M: This is a major challenge, as you can imagine. And there are two main reasons for that, first of all when we are working with patient data it is very important to have solutions which do not compromise patient privacy, so merging multiple datasets together is not an option. Many organisations are reluctant to collaborate because datasets can be a major source of IP and they worry that sharing them will reduce their competitiveness; finding suitable pre-competitive sweet spots for collaborating organisations can be a challenge – but it does happen. However, once an agreement is in place there are more barriers to overcome! Datasets are often hosted in different locations and cannot be merged due to the previously mentioned competition issues or having a variety of different data standards (if any). So we have disparate datasets, in different locations, which cannot be merged.
This is why it is important to use the federated learning approach, which allows data stored in relative isolation to be accessed and combined without merging datasets.

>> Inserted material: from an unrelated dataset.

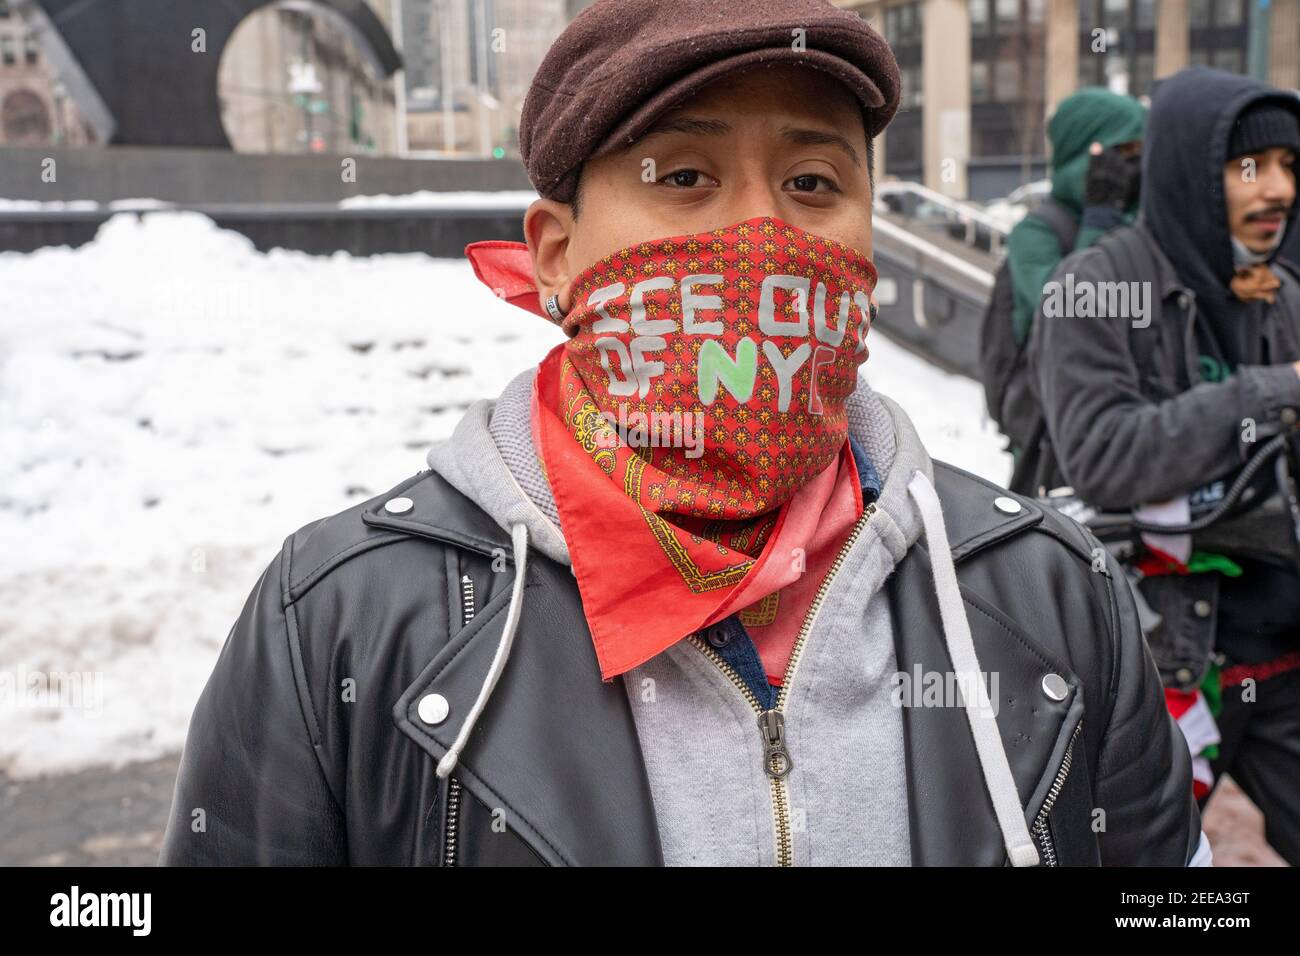 NEW YORK, NY - FEBRUARY 15: A protester ware an ICE out of NYC bandana at Foley Square during an Abolish ICE (Immigration and Customs Enforcement) protest on February 15, 2021 in New York City.   Free Them All by Abolish ICE Coalition marched for Javier Castillo Maradiaga through downtown New York City. Mr. Maradiaga, a 27-year-old Bronx man who has lived in the U.S. since he was 7 years old was set to be deported by the U.S. Immigration and Customs Enforcement (ICE). Stock Photo
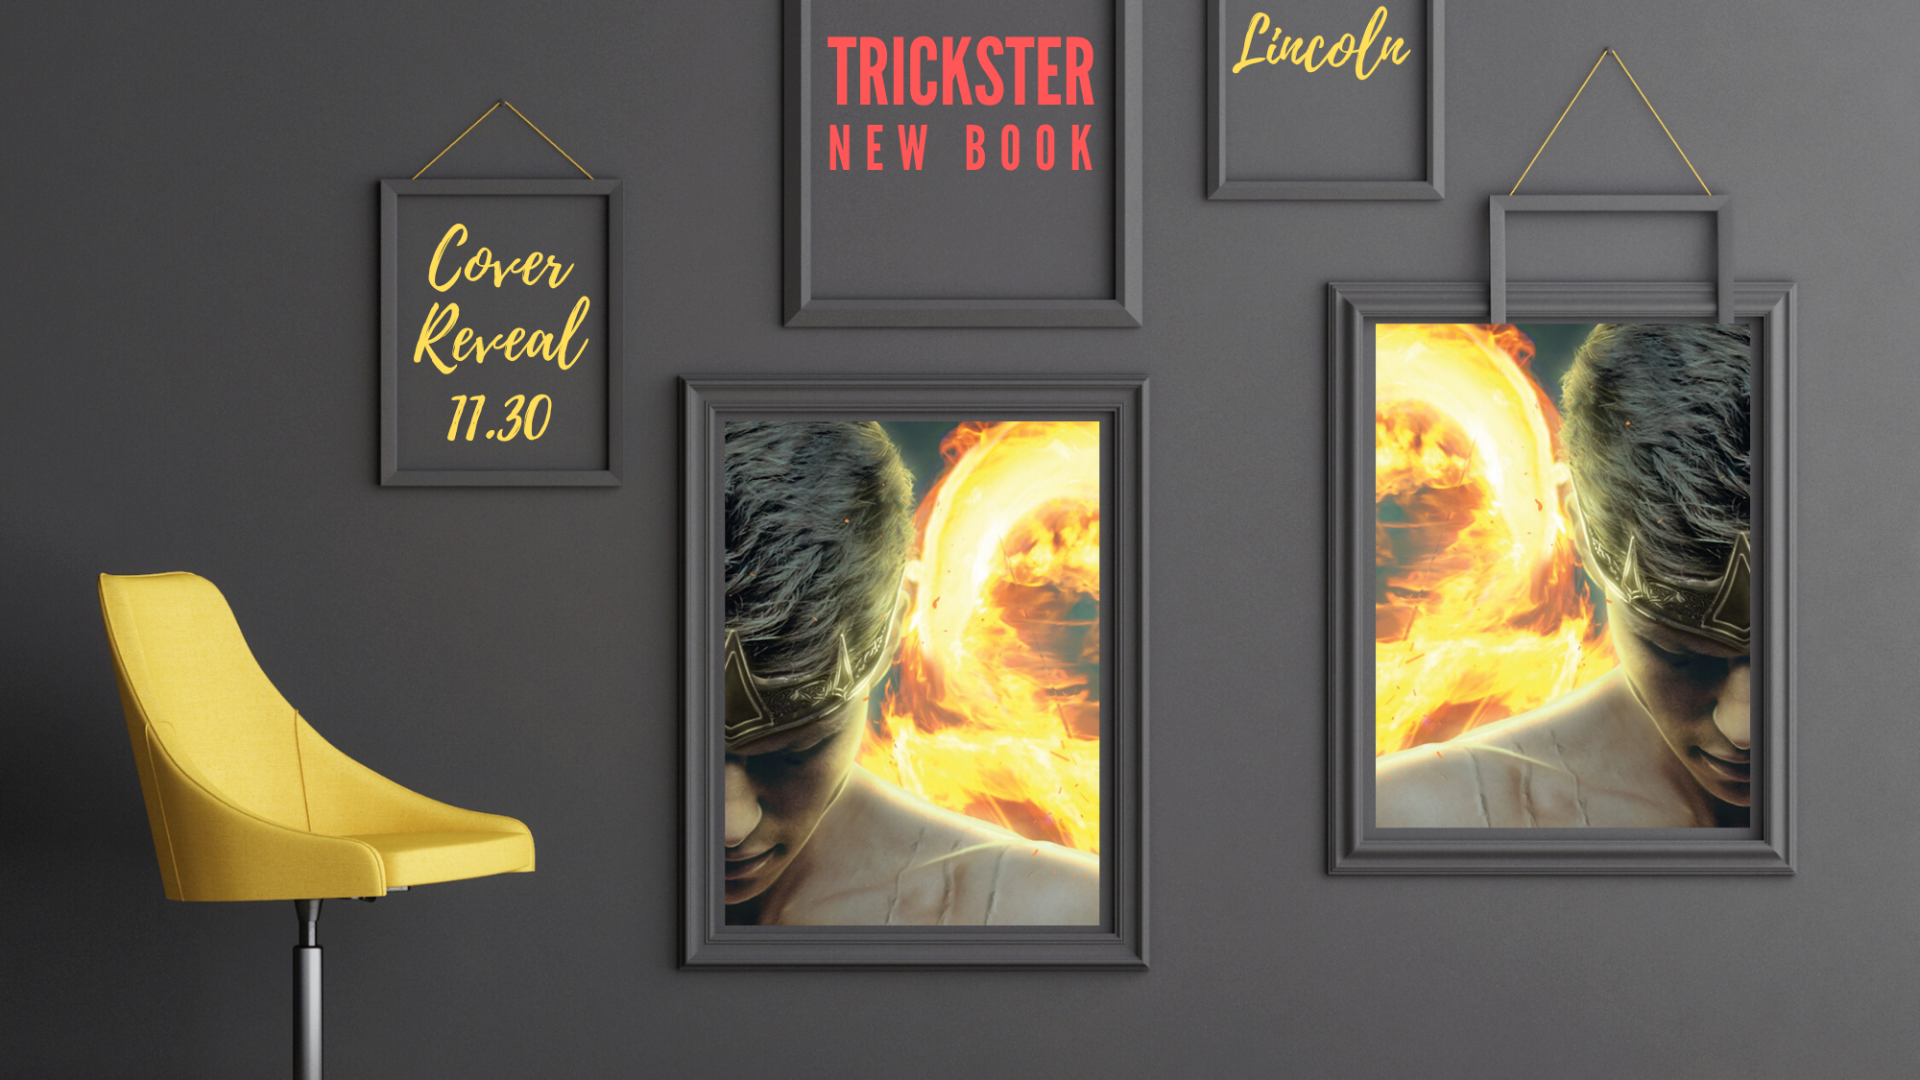 Coming 11.30 - TRICKSTER Cover Reveal!

A: Are there any barriers or limitations to this approach?
M: The two main issues are data heterogeneity and privacy concerns. There are significant issues around sharing data with the competition, but also ensuring that proprietary data remains the property of its owners and protects the identity of people in patient or genomic datasets. Preventing other entities accessing ‘too much’ data or making malicious attacks to try and mine patient information is a hot topic for several research groups.
A: Can you talk a little about OWKIN’s approach to using datasets and machine learning in drug discovery?
M: OWKIN primarily applies machine learning to open problems in medicine, such as helping to characterise heterogeneous patient or cell populations, supporting drug design or performing post hoc analysis on datasets from failed clinical trials, to identify whether any patient subpopulations could still benefit from the drug.
We work with multiple modalities of data, from electronic patient records – which can include data from blood tests, demographic information and treatment histories – to tumour biopsy histology or radiographic images. OWKIN parses the data and evaluates it for different signals depending on the questions being asked: we could be looking for new markers for response to drugs or identifying prognostic markers for overall patient outcomes, for example.
A: What are the main barriers to harnessing machine learning in drug discovery and development?
M: There’s a real need for connected datasets, and it isn’t locating the data that’s hard, it’s accessing it. There’s also a need for educating front-line physicians about how data shapes the process because if they are not confident in the data supporting a drug’s approval, they’ll be more reluctant to prescribe it. Society also needs to develop the skills and infrastructure to support data culture – to collect, curate, store and maintain data effectively.
A: What impact do you think machine learning will have on the medicine of tomorrow?
M: Improving clinical trial design, specifically by stratifying patients as part of the screening process and incorporating aspects of adaptive clinical trial design to allow for adjustments mid-trial, might improve success rates for drugs. Ideally, clinical trials would be iterative processes, with multiple data modalities collected throughout in a standardised fashion and fed into machine learning analysis to understand the outcomes and improve subsequent trial iterations. The inclusion of real-world data to inform the clinical trial design is something I’d love to delve into more too!